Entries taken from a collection

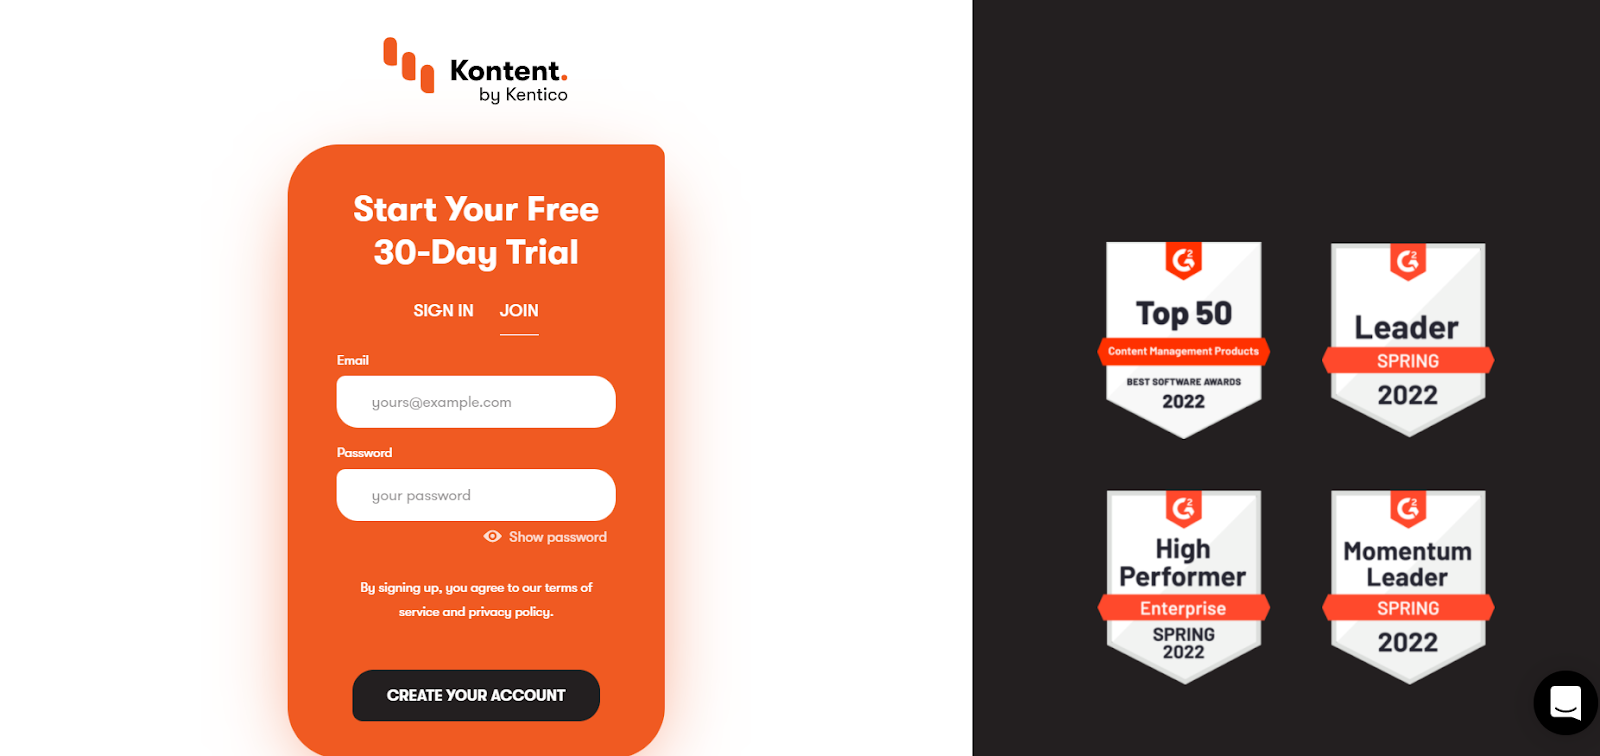 Form for Kontent headless platform trial for 30 days
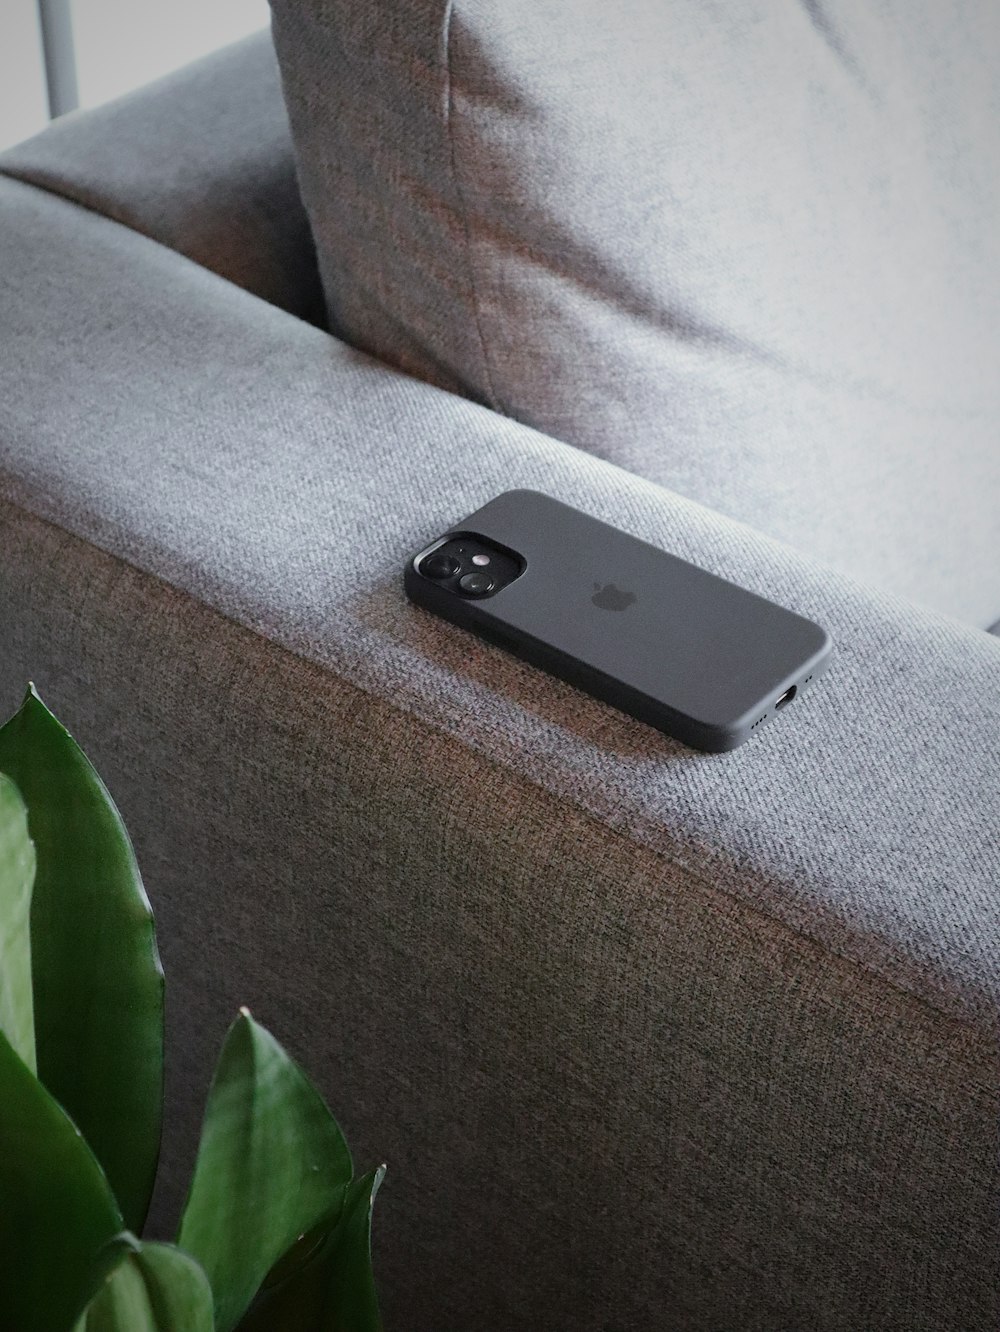 灰色のソファに黒いiPhone 5
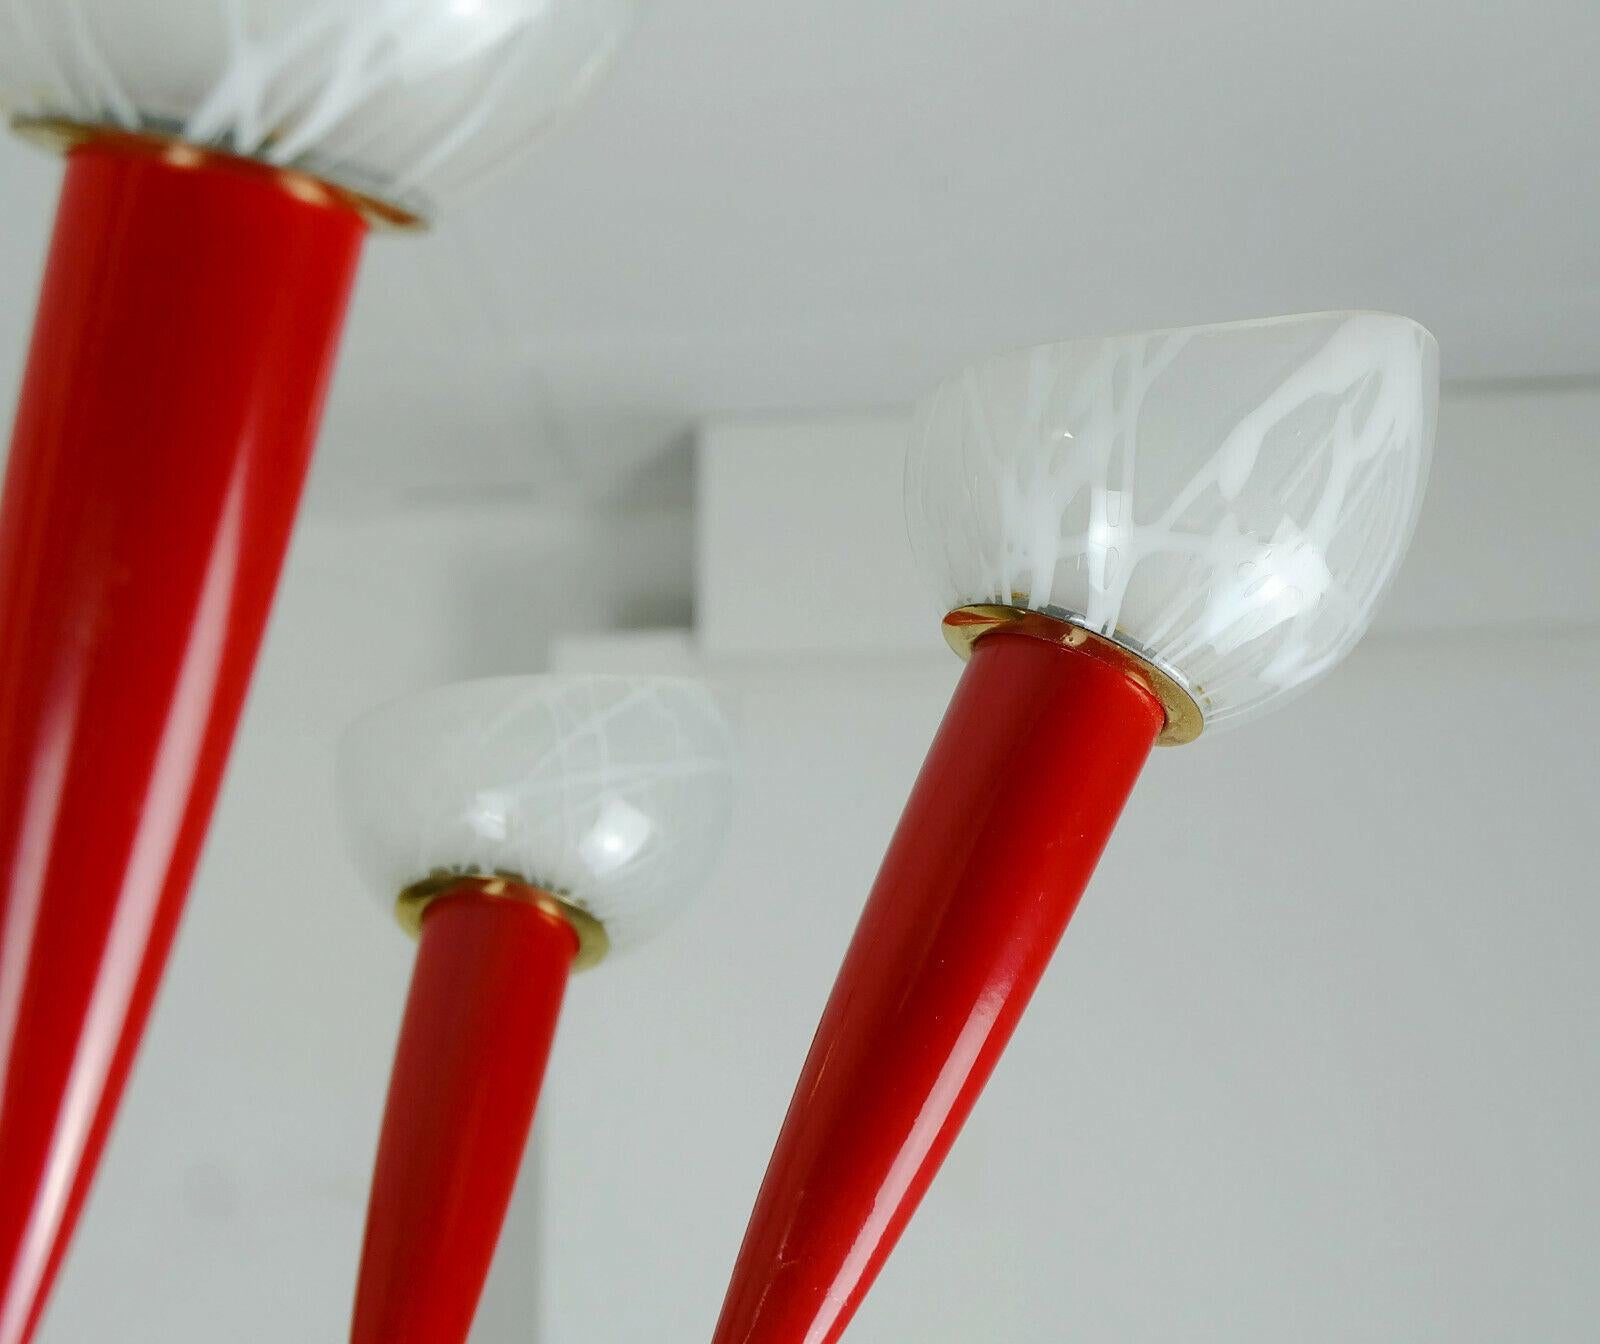 Fantastique et élégante lampe à suspension des années 1950. Réalisé en laiton, métal laqué rouge (au centre), plastique rouge et verre blanc. Contient 7 ampoules E14 (les ampoules sur les photos ne sont pas incluses dans le prix).

Très bon état,
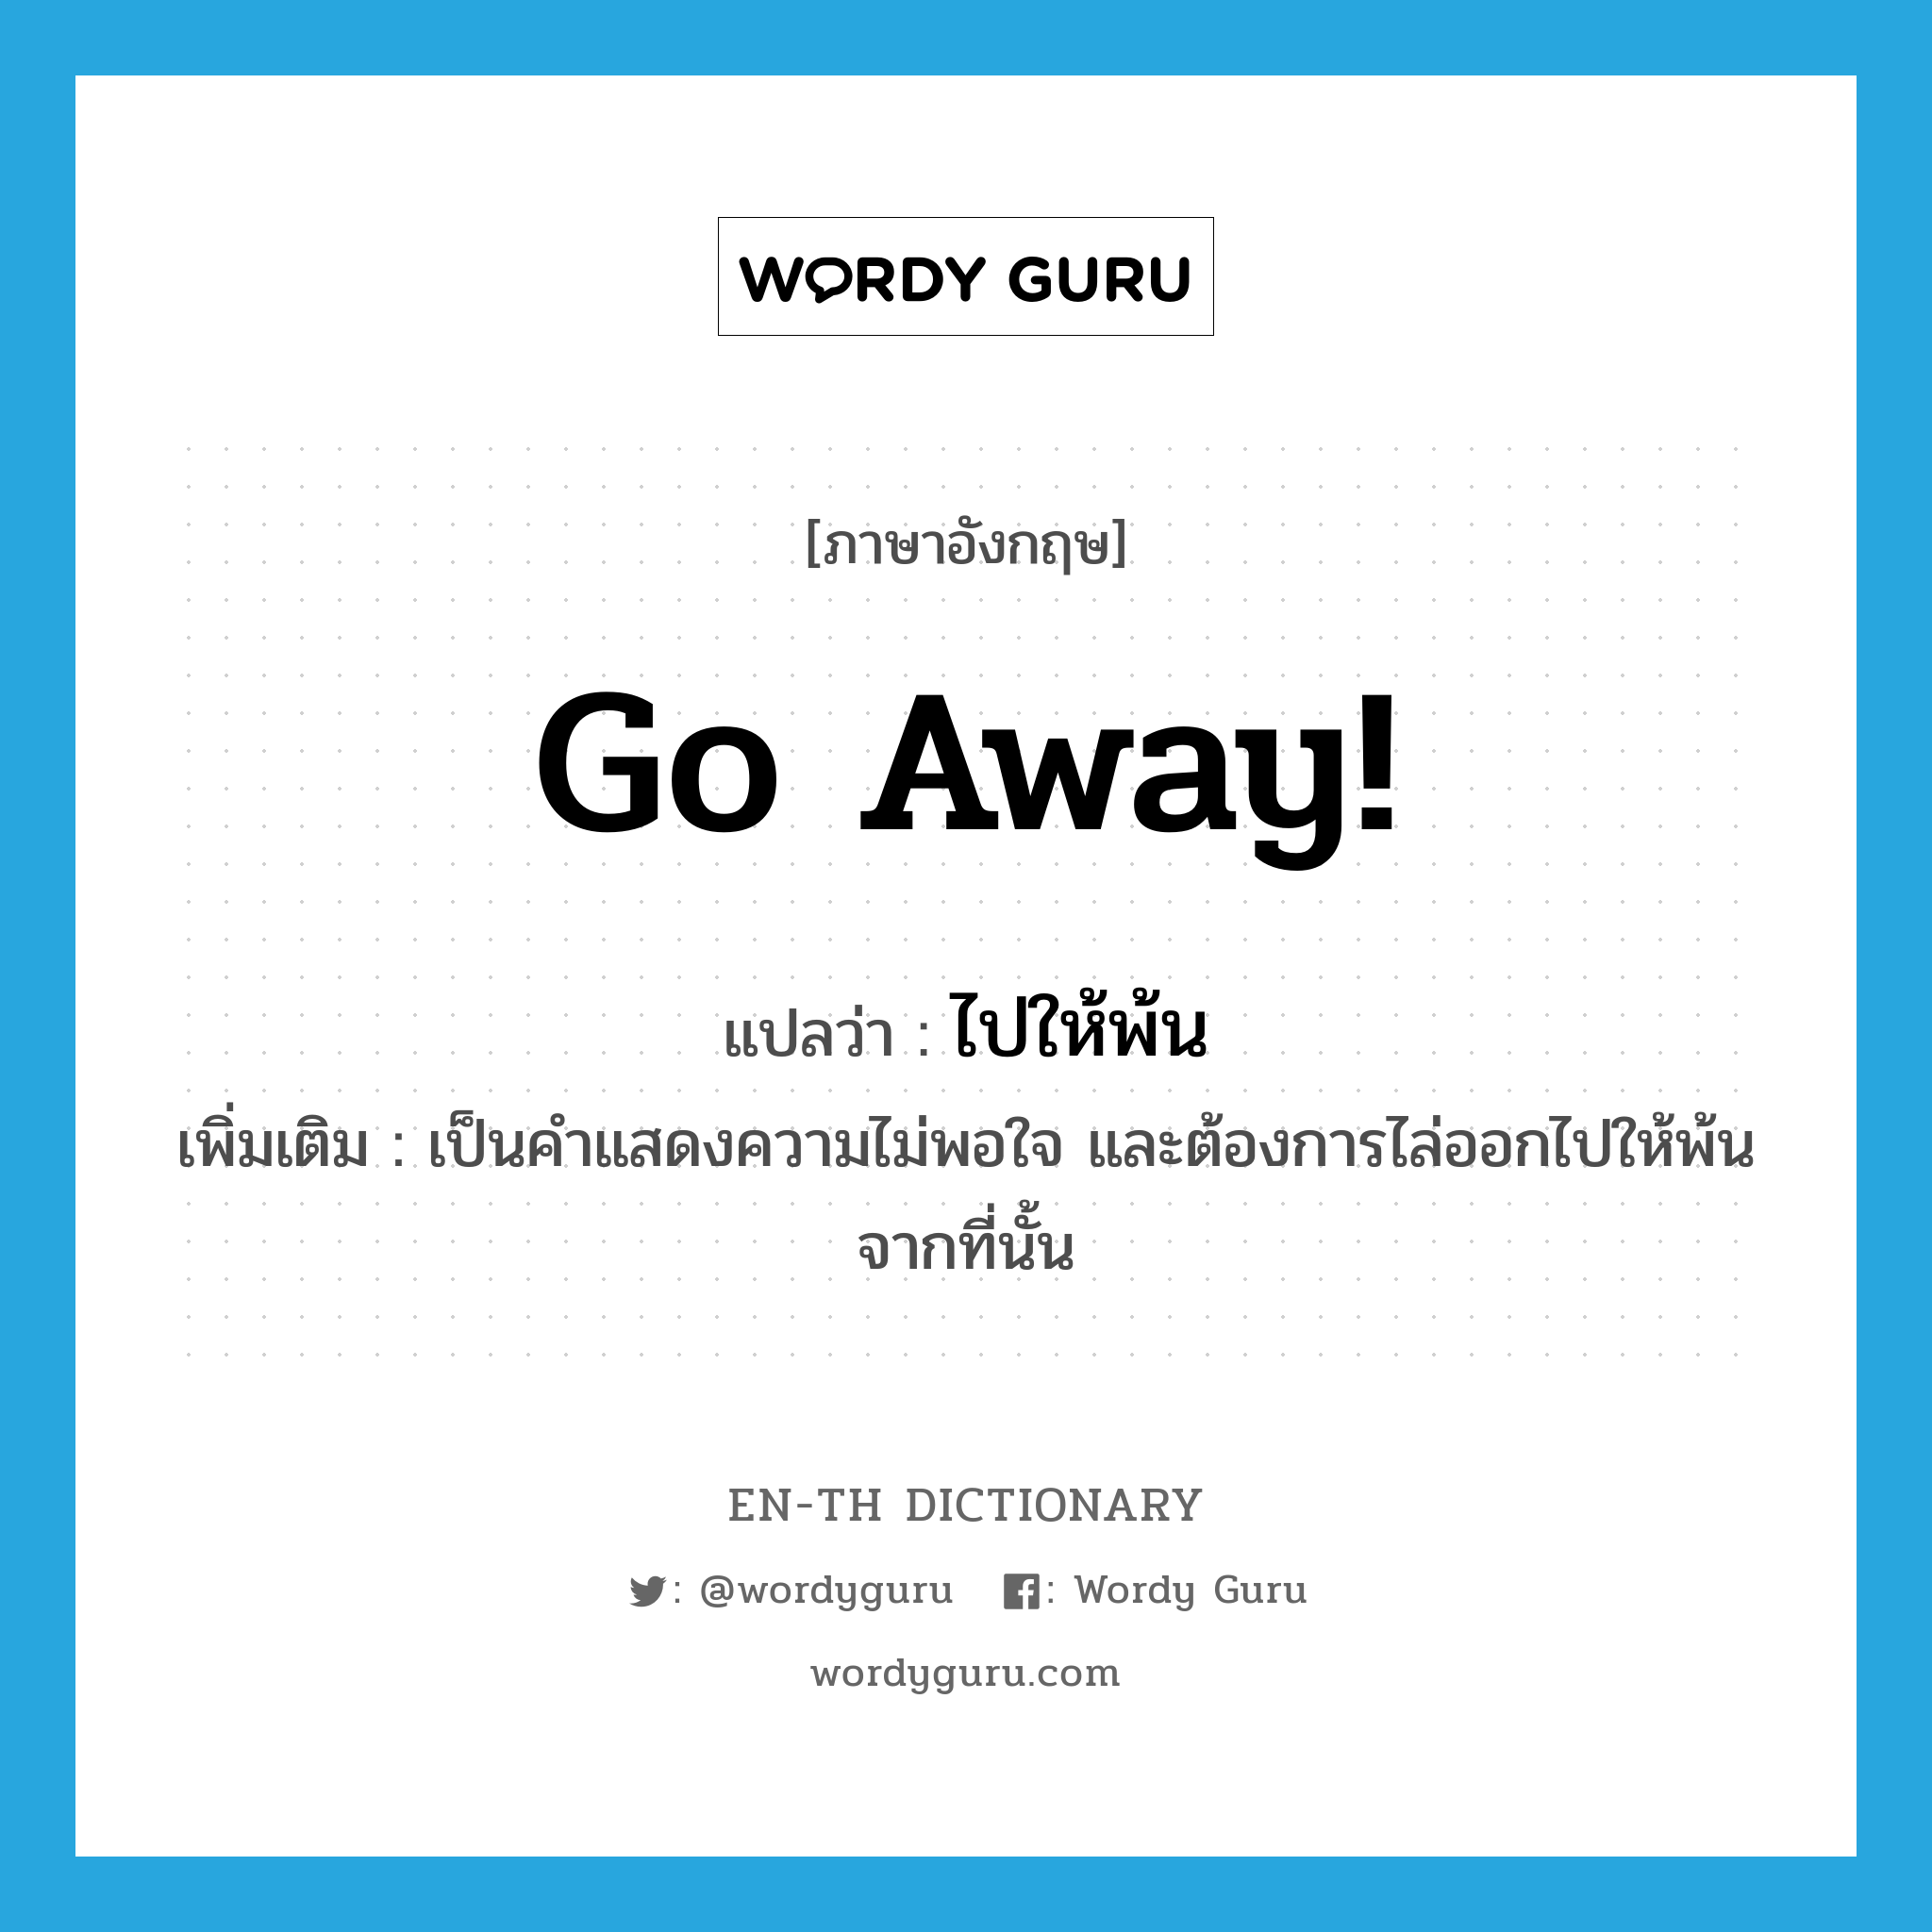 Go away! แปลว่า?, คำศัพท์ภาษาอังกฤษ Go away! แปลว่า ไปให้พ้น ประเภท V เพิ่มเติม เป็นคำแสดงความไม่พอใจ และต้องการไล่ออกไปให้พ้นจากที่นั้น หมวด V

*Exercise details*
With the pictures removed, the entries above should be transcribed exactly.

*Result below*
 Form for Kontent headless platform trial for 30 days
 灰色のソファに黒いiPhone 5
 Fantastique et élégante lampe à suspension des années 1950. Réalisé en laiton, métal laqué rouge (au centre), plastique rouge et verre blanc. Contient 7 ampoules E14 (les ampoules sur les photos ne sont pas incluses dans le prix).

Très bon état,
 Go away! แปลว่า?, คำศัพท์ภาษาอังกฤษ Go away! แปลว่า ไปให้พ้น ประเภท V เพิ่มเติม เป็นคำแสดงความไม่พอใจ และต้องการไล่ออกไปให้พ้นจากที่นั้น หมวด V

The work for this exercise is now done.